SUPPLIED INFORMATION
____________________
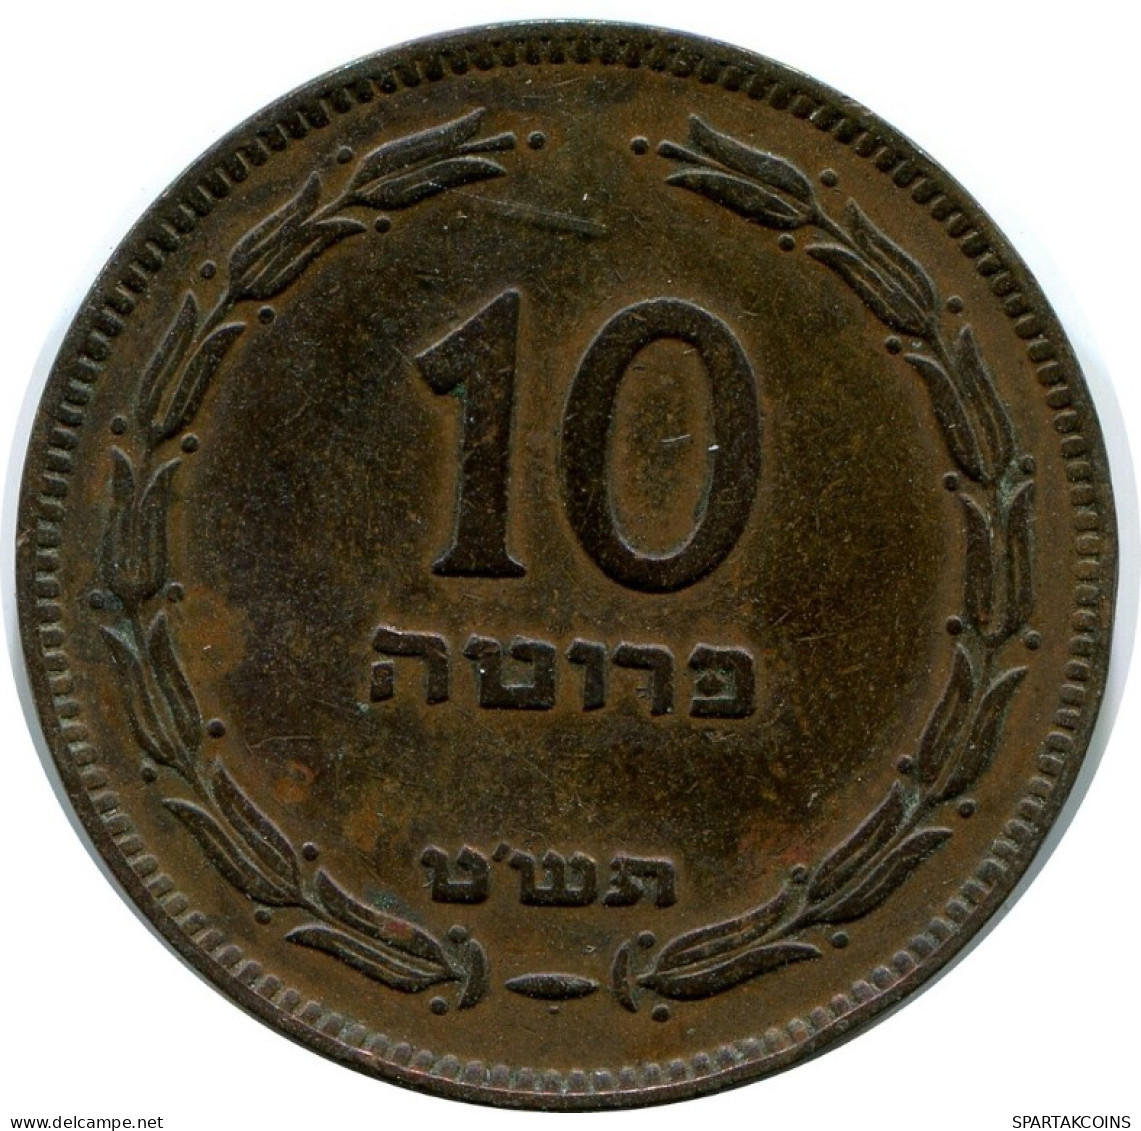 10 PRUTA 1949 ISRAEL Coin #AH866.U.A - Israele
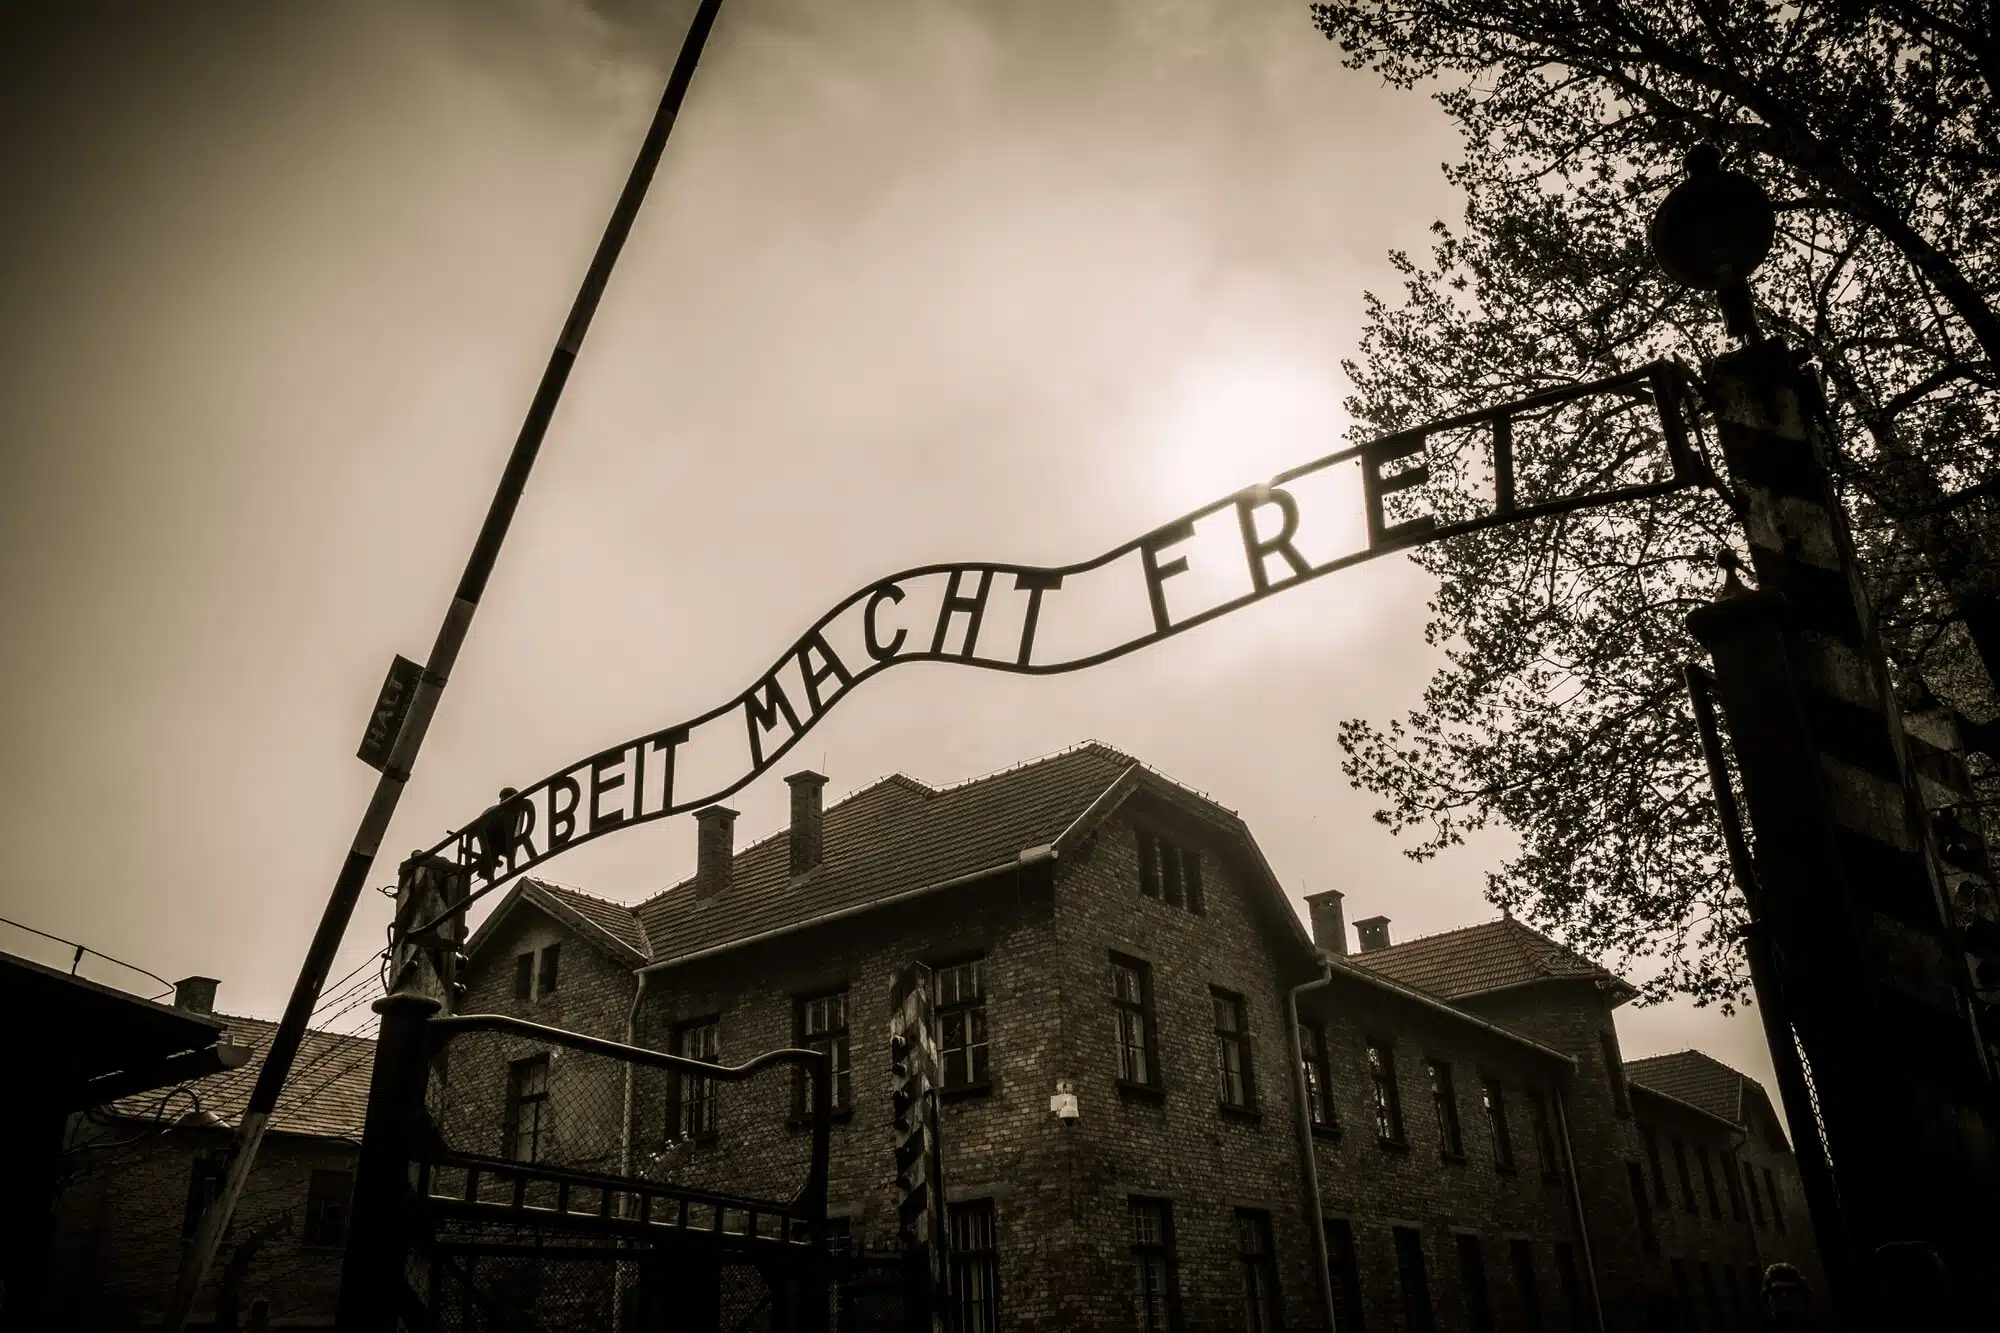 The main entrance to the Auschwitz 1 extermination camp, Poland. Image: depositphotos.com
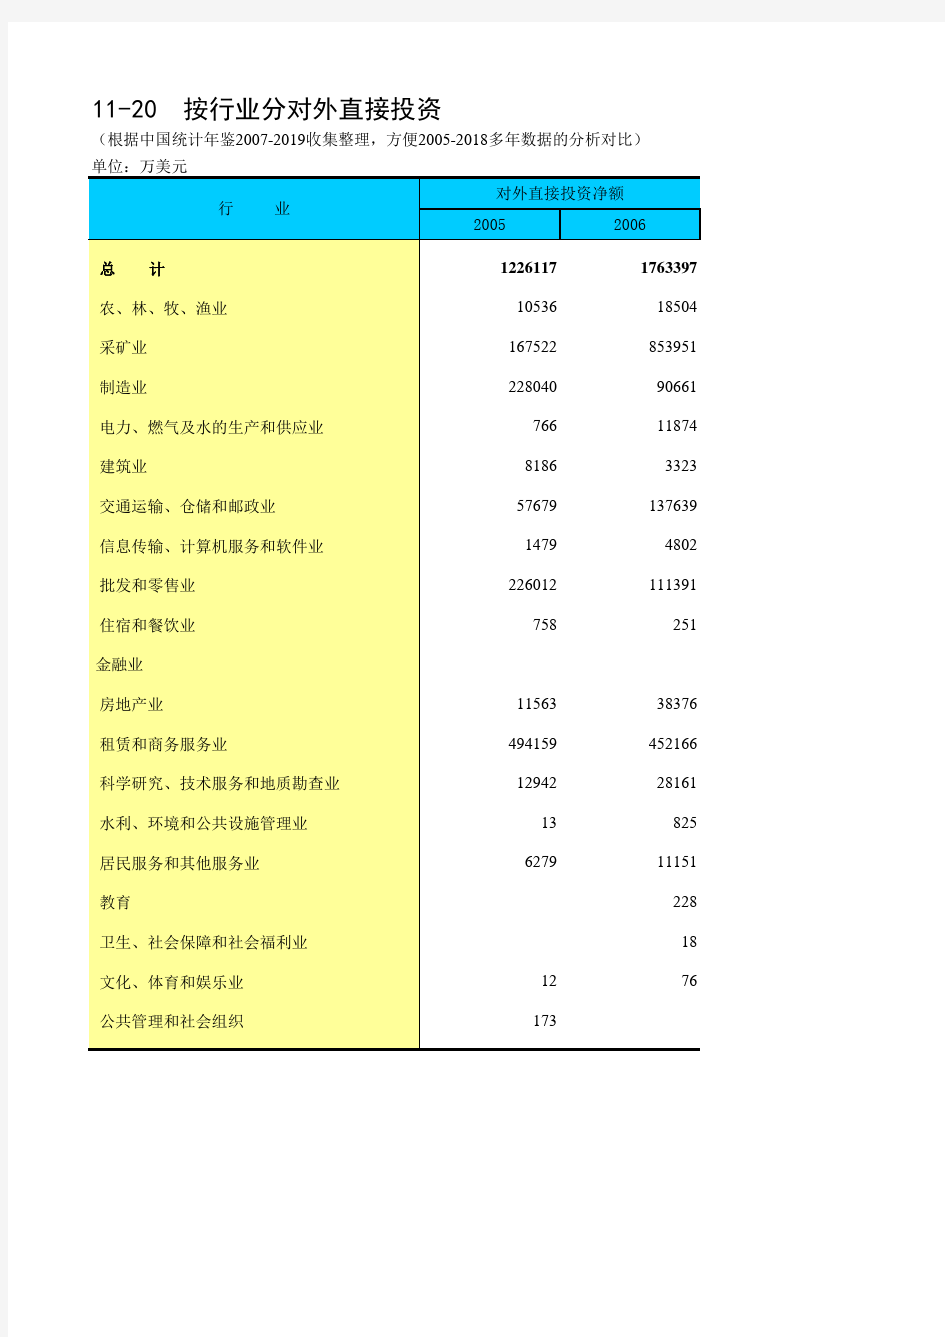 11-20 中国统计年鉴数据处理：按行业分对外直接投资(仅全国指标,便于2005-2018多年数据分析对比)
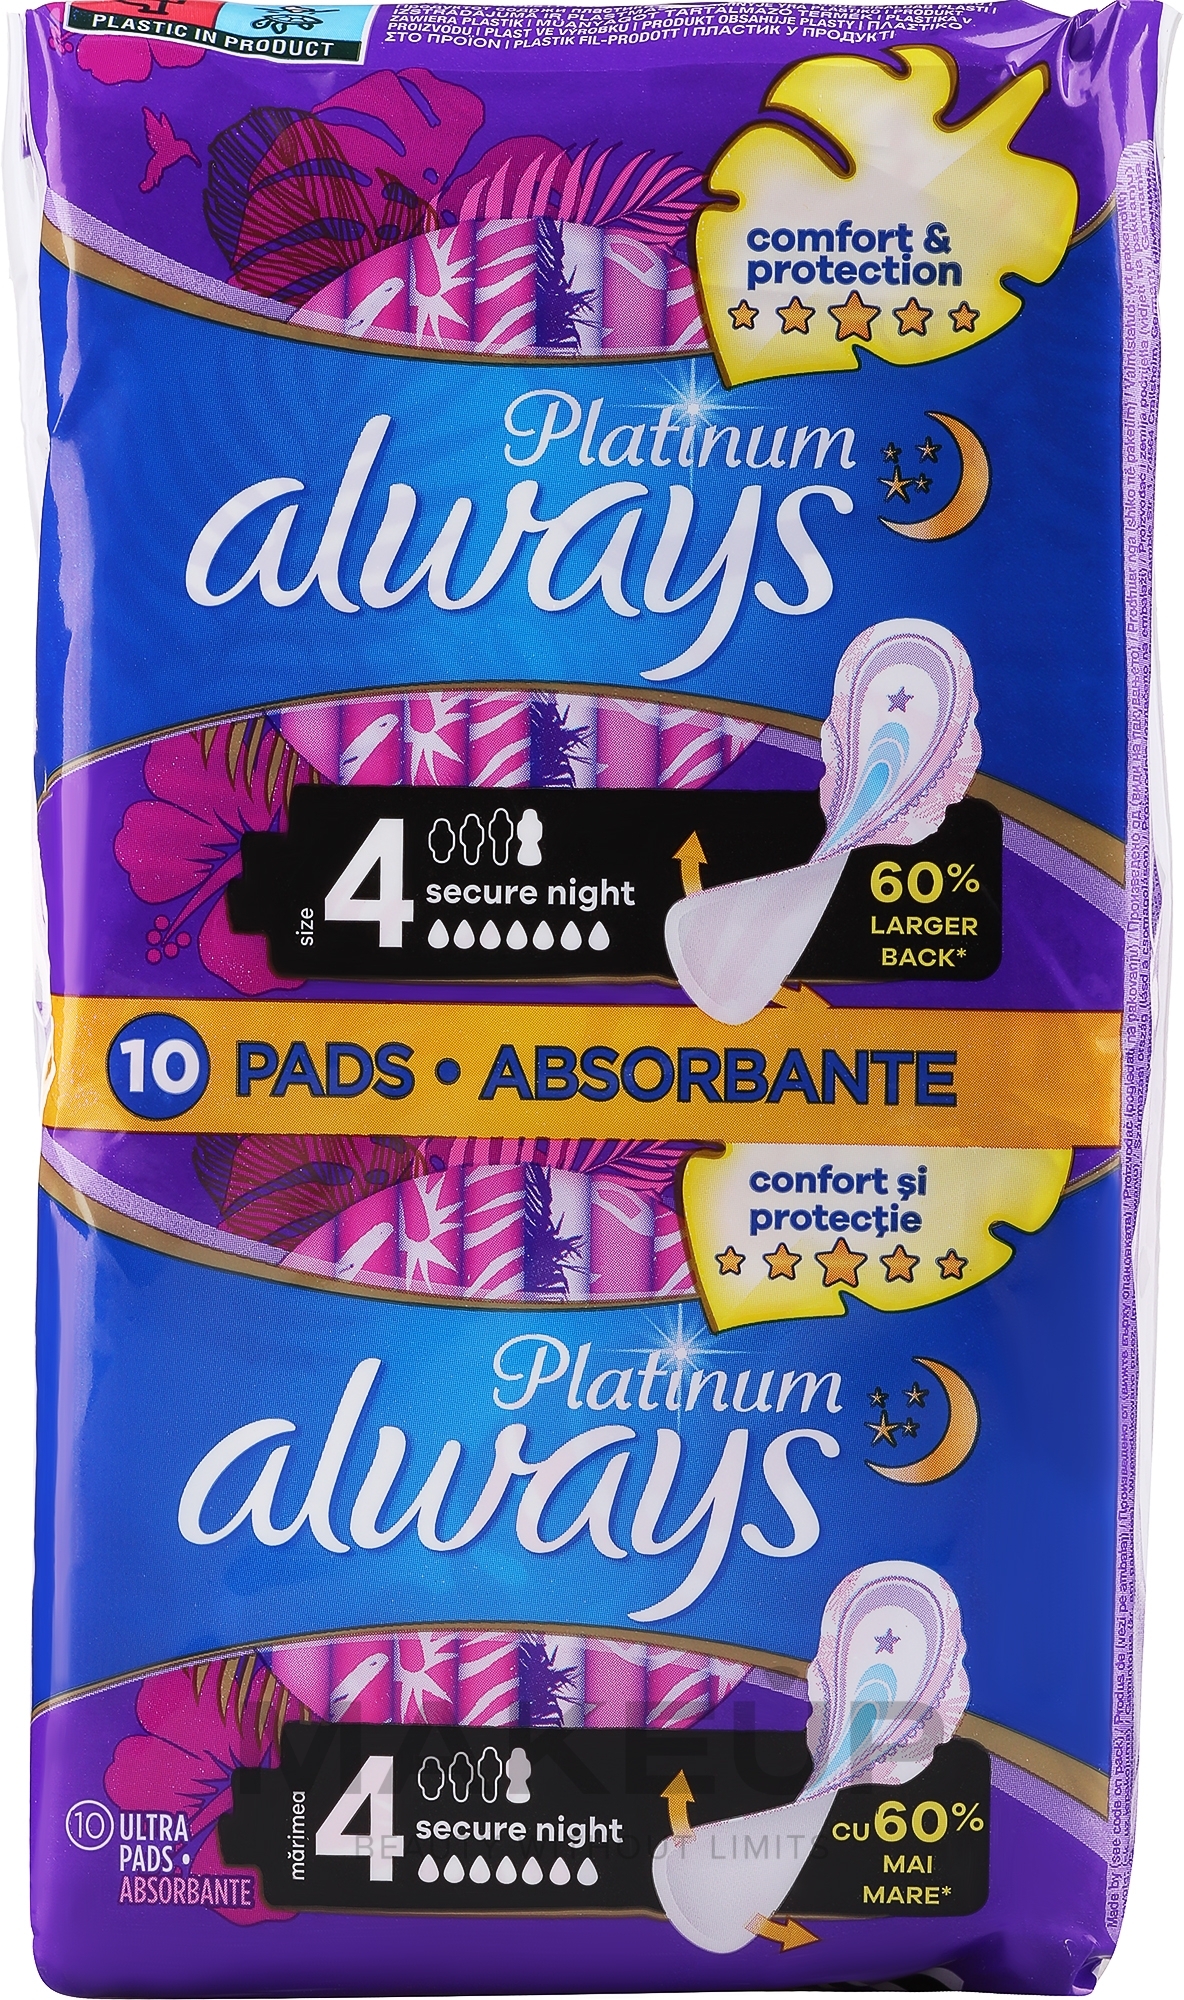 Wkładki higieniczne, rozmiar 4, 10 szt. - Always Platinum Secure Night — Zdjęcie 10 szt.
____________________
EXERCISE BRIEF
Once the pictures are set aside, repeat the data above exactly.

EXERCISE RESPONSE
 10 PRUTA 1949 ISRAEL Coin #AH866.U.A - Israele
 The main entrance to the Auschwitz 1 extermination camp, Poland. Image: depositphotos.com
 11-20 中国统计年鉴数据处理：按行业分对外直接投资(仅全国指标,便于2005-2018多年数据分析对比)
 Wkładki higieniczne, rozmiar 4, 10 szt. - Always Platinum Secure Night — Zdjęcie 10 szt.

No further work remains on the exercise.